Patients with misuse of codeine (n = 14, data not shown) were also able to accomplish out-patient withdrawal and reported a similar pattern of abstinence symptoms in comparison with patients with misuse of non-psychotropic drugs. Neither ergotamine nor sumatriptan differed with regard to withdrawal symptoms. Because the last individuals were recruited as late as 2 months before submission of this study, it was still not possible to evaluate the relapse rate.

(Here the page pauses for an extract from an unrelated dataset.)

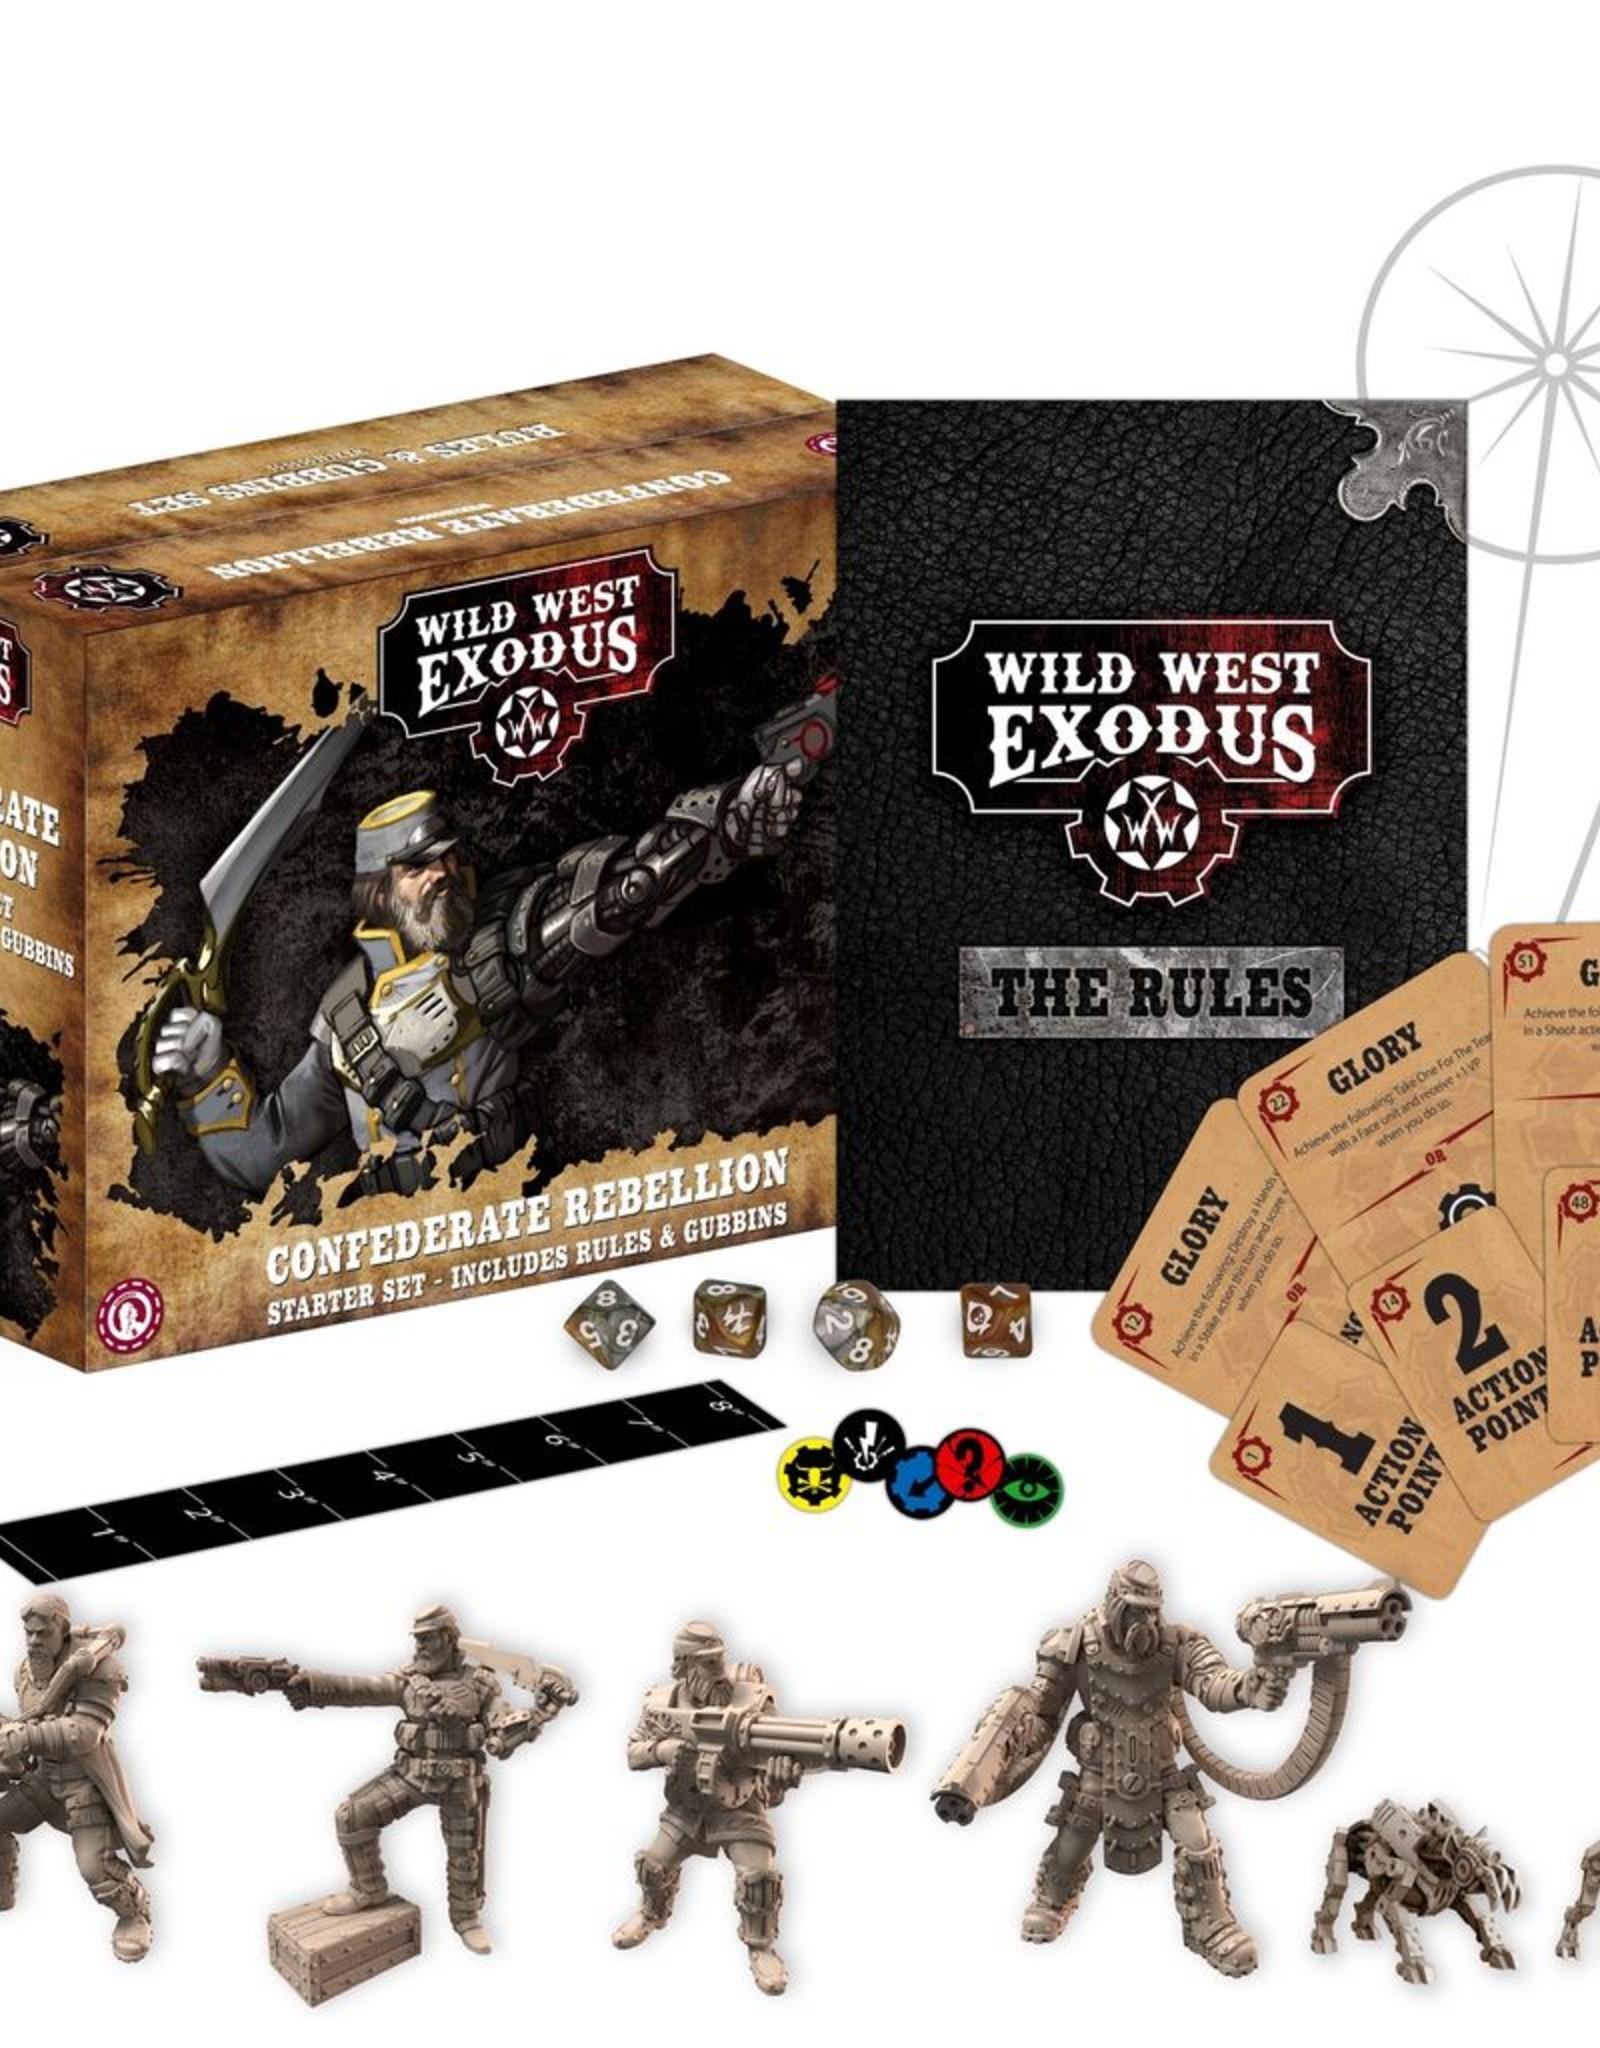 WEX - Wild West Exodus Miniaturen Confederate Rebellion Starter Set

In conclusion, the results presented in this study lend further support to out-patient abrupt drug withdrawal as being an efficacious and pragmatic first-line treatment of CDH associated with long-term misuse of headache medication. Based on the experience of abrupt withdrawal therapy at Gothenburg Migraine Clinic, we would like to suggest the following treatment approach in patients with CDH associated with long-term misuse of headache medication: (i) diagnosis, information and motivation in an atmosphere characterized by a good patient–doctor relationship. Introduction of the headache diary; (ii) start of thoroughly planned ambulatory abrupt drug withdrawal therapy where the patient is given the possibility to contact the clinic for support; (iii) first follow-up visits for evaluation after 1 month. If improved, continue withdrawal therapy for another month. If there is no improvement, initiate treatment with a tricyclic before bedtime and by using slow titration; (iv) diagnosis of any headache that may still exist after the drug withdrawal therapy and based on the diagnosis initiation of individually tailored therapy and further follow-up visits.